> **Instructions to follow**: Without copying any picture, transcribe exactly the lines of the data below from the one containing "San Salvador, El" through the one containing "Sofa : Modular".

> **Records for this exercise**:
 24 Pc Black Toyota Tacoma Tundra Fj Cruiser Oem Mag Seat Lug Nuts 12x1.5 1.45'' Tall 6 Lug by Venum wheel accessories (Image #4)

---

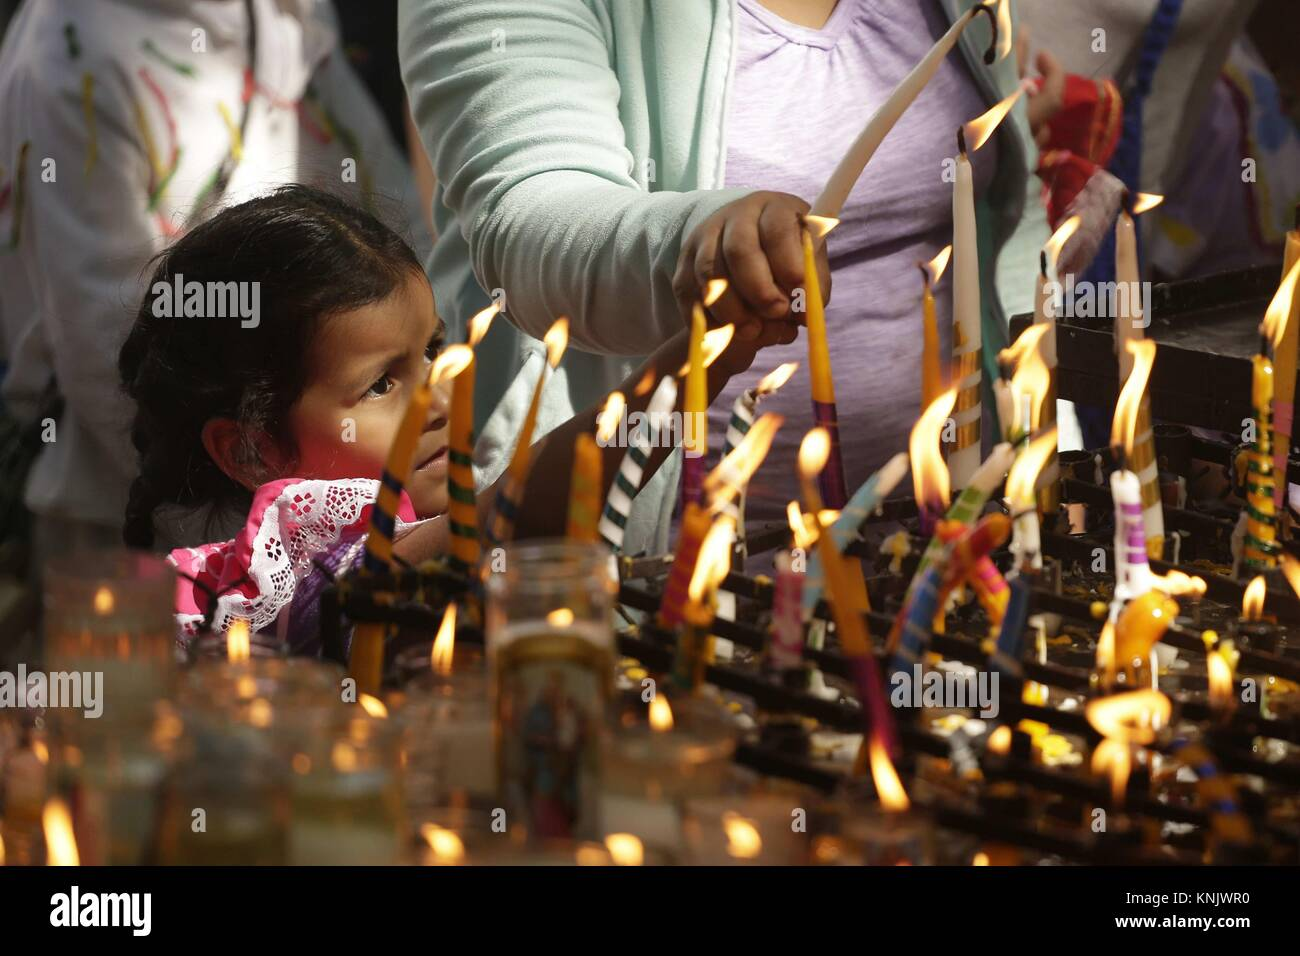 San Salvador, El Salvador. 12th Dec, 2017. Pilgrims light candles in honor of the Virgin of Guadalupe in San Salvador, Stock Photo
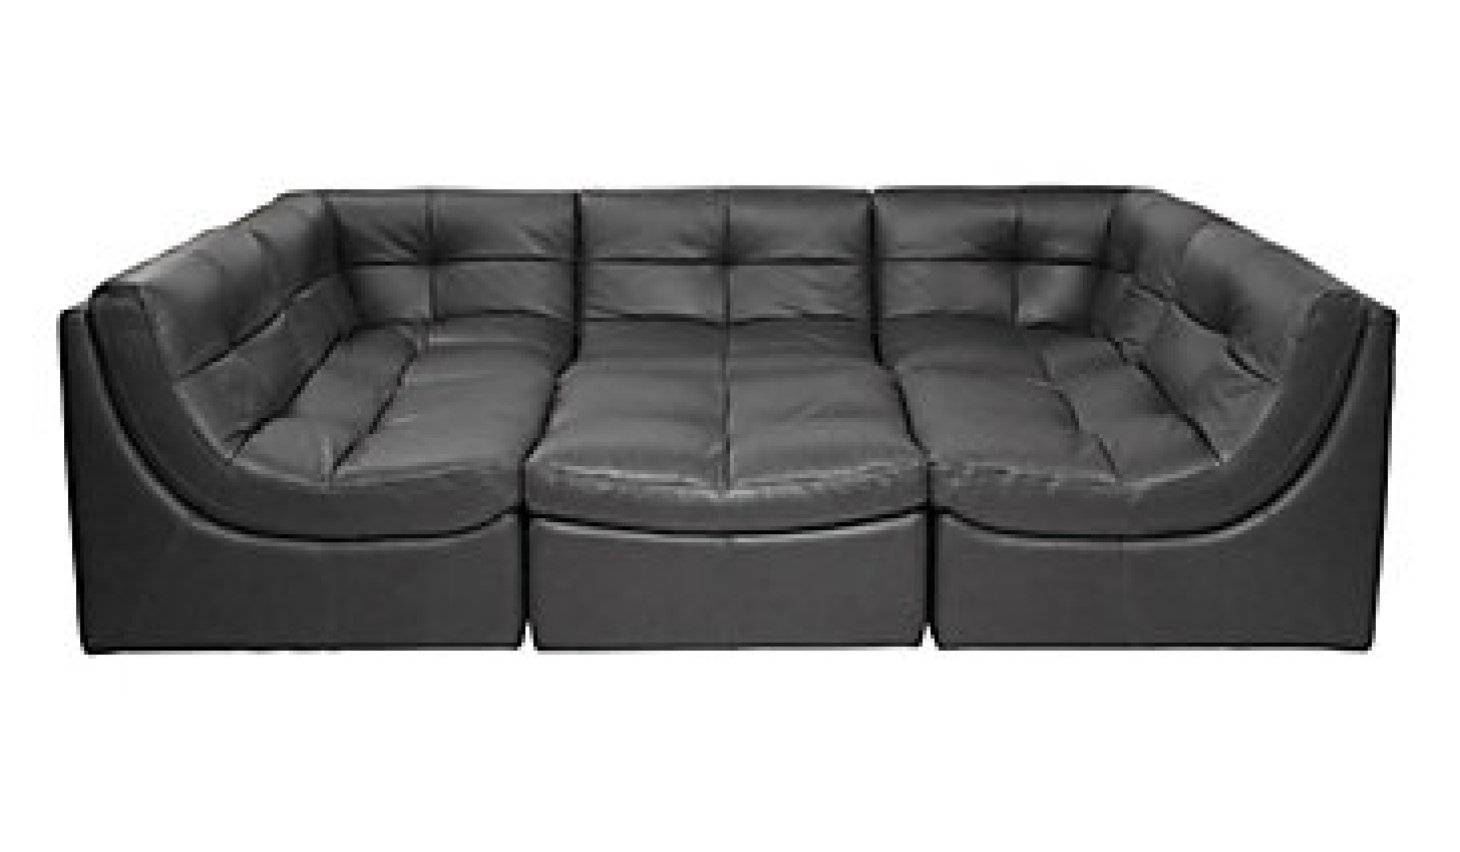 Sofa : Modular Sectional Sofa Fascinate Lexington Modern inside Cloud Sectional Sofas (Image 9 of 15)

> **Result of this task**:
 San Salvador, El Salvador. 12th Dec, 2017. Pilgrims light candles in honor of the Virgin of Guadalupe in San Salvador, Stock Photo
 Sofa : Modular Sectional Sofa Fascinate Lexington Modern inside Cloud Sectional Sofas (Image 9 of 15)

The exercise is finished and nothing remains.